You need to get rid of all those other speakers (center, surrounds, etc.) and all that gimmicky processing. Listen to the Cornwalls on a good two channel amplifier. If all you care about is surround sound and  home theater, by all means don't waste money on a pair of Cornwall IVs. Just about anything you could get at Best Buy would suffice for such an application.......

 

 

I listen to classical music and opera. 

  

My preferences for recording technologies:

  1. My favorite is modern performances/recordings (last dozen years or so) that were captured and mastered in hi-res (e.g., 24bit/192kHZ) multi-channel, and delivered on a Blu-ray audio/video disc featuring DTS-HD MA 5.0 (or 5.1) surround-sound.   (A few Ultra HD Blu-ray opera recordings are starting to become available.)  
  2. My second choice in formats are SACD and Pure Audio Blu-ray that feature surround-sound.  (No video.)

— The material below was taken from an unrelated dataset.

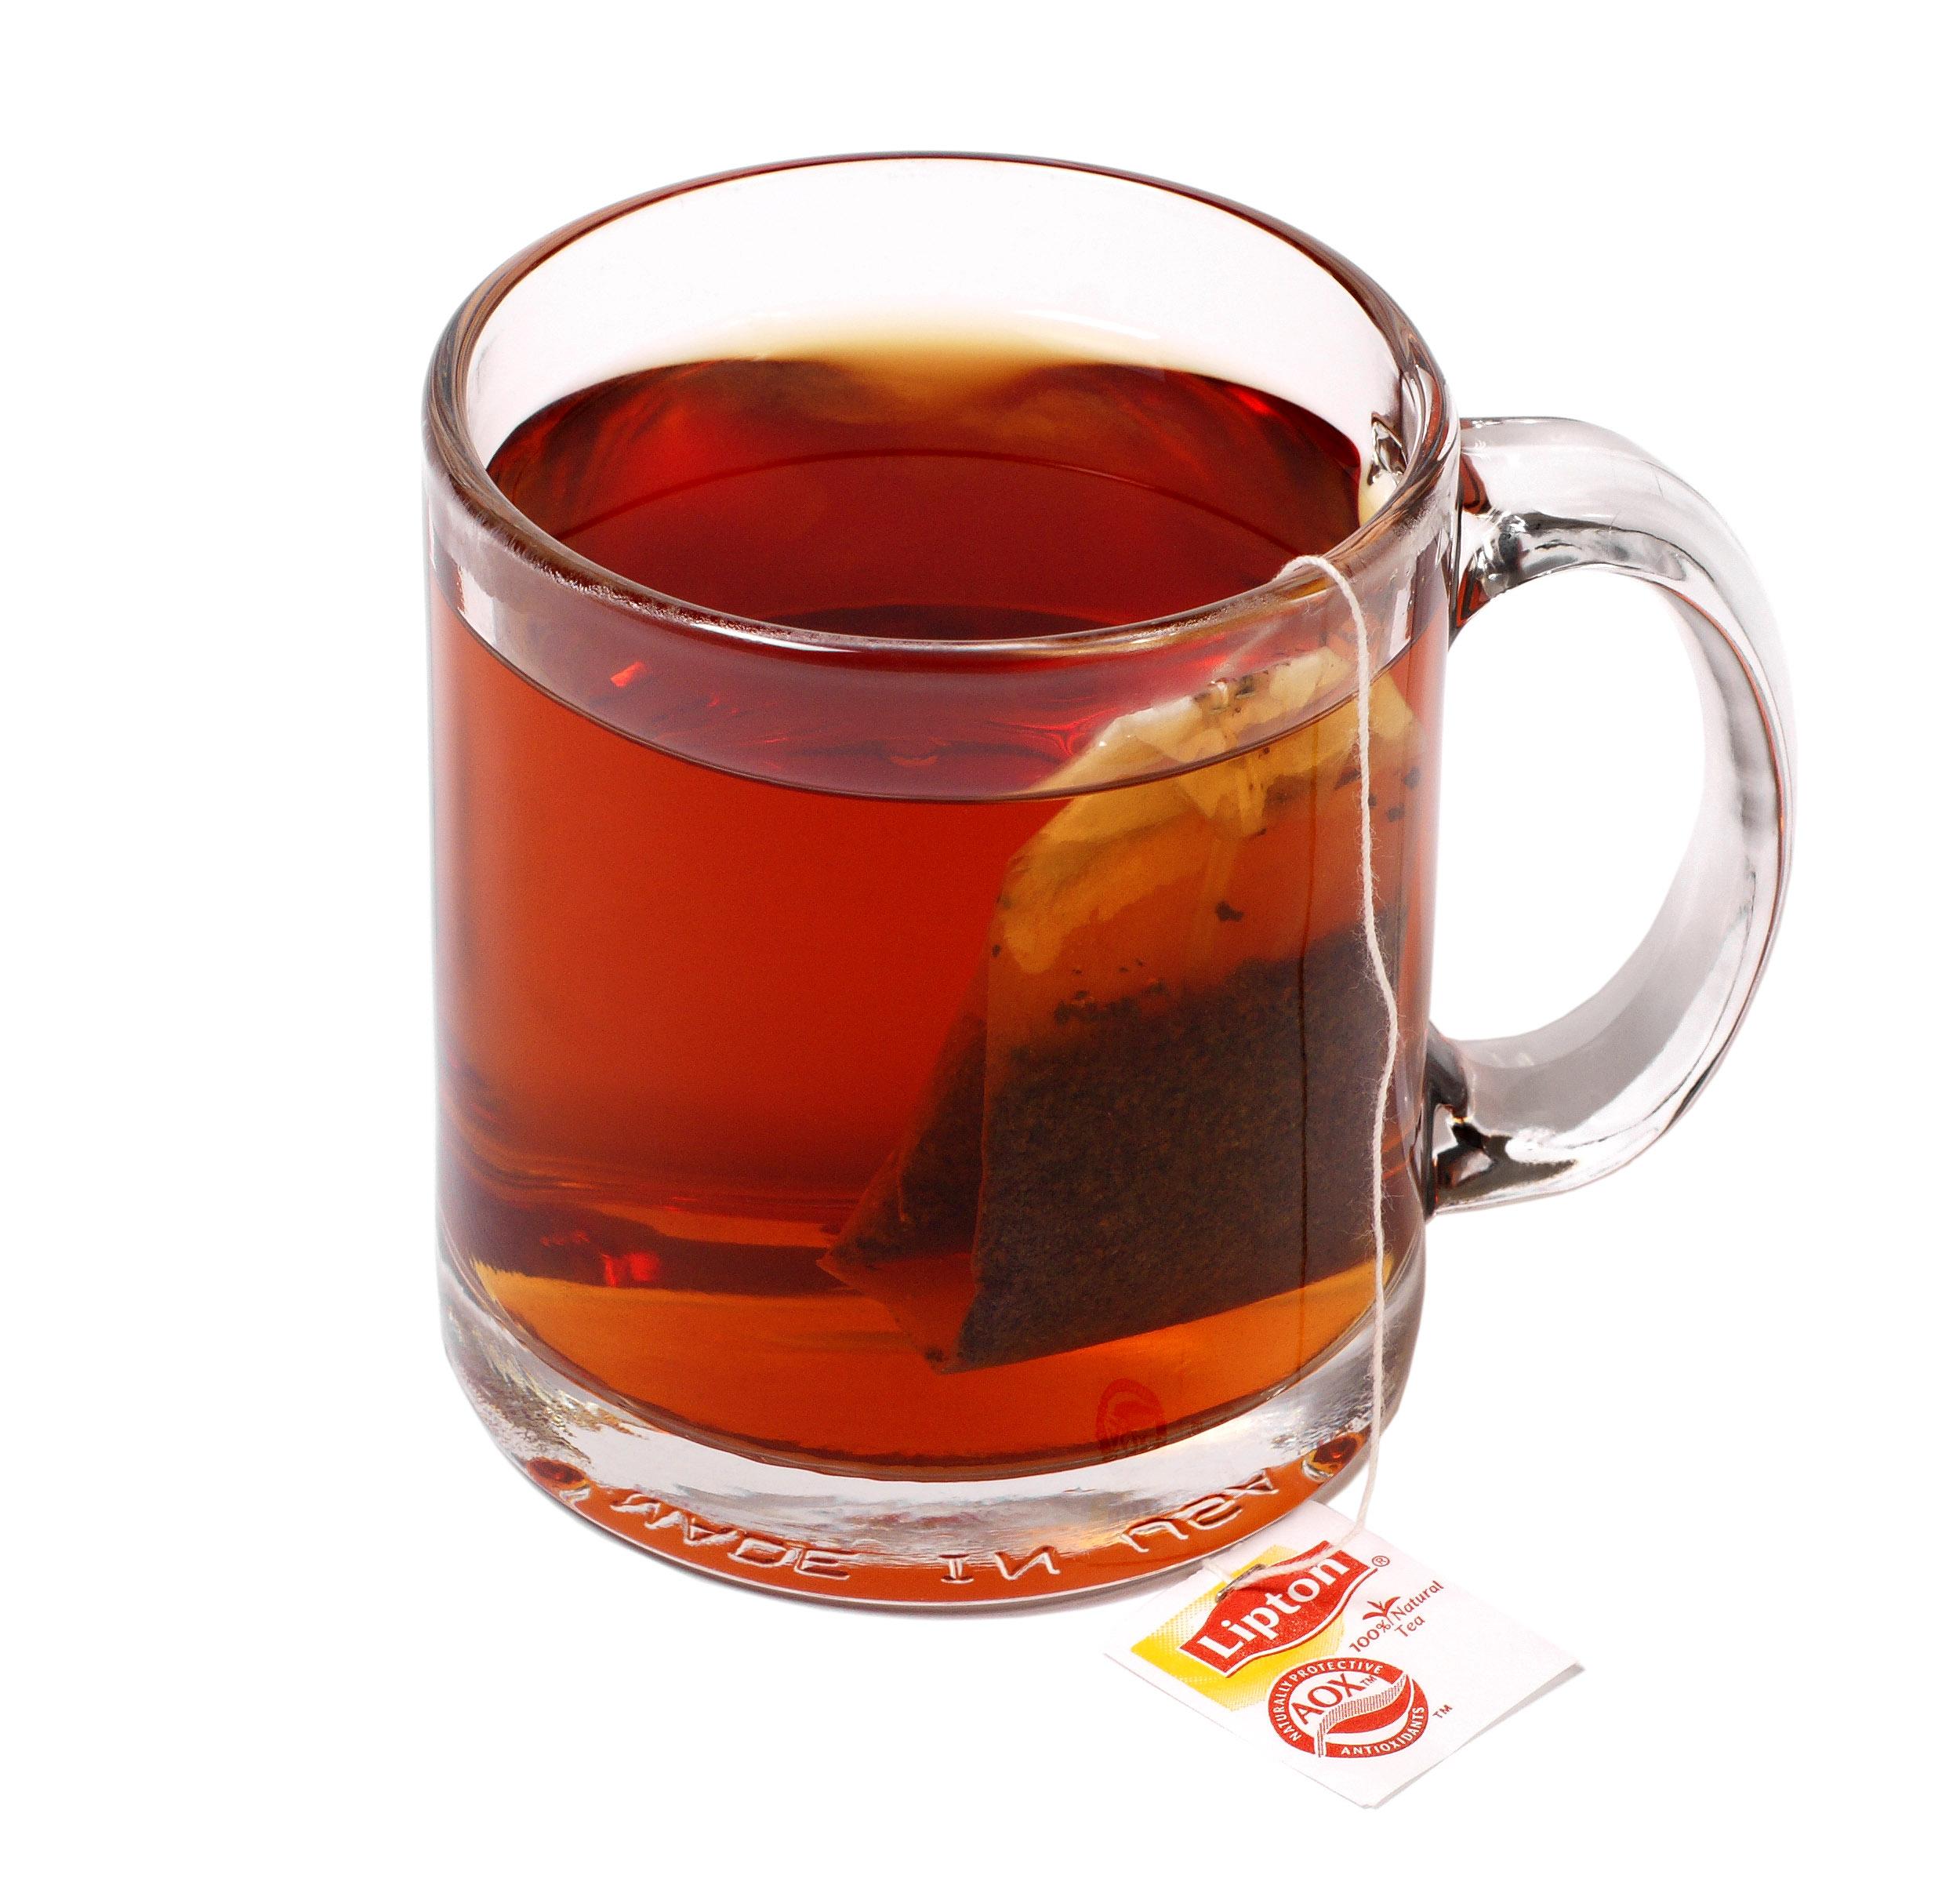 Lipton tea clipart clip free library File:Lipton-mug-tea.jpg - Wikimedia Commons clip free library

In all cases provenance of the recording is critical – i.e., modern recordings that were captured and mastered as hi-res multi-channel – NOT DSP-generated gimmickry applied to vintage recordings. 

  

IME/IMO, hi-res multi-channel (e.g., DTS-HD MA 5.1) is VASTLY superior to stereo for the large-scale classical music that I love.

  

There are countless modern (last dozen years or so) recordings of classical compositions that were recorded and mastered in modern “hi-res” formats, and delivered on multi-channel Blu-ray or SACD – and IME/IMO these hi-res multi-channel recordings “blow the socks off” stereo (particularly the 40-year-old Redbook CD format).   If you’d like to read about a few examples:    https://community.klipsch.com/index.php?/topic/202102-classical-recordings/&do=findComment&comment=2658804

 

I don’t know if hi-res multi-channel is relevant to the OP’s preferred music.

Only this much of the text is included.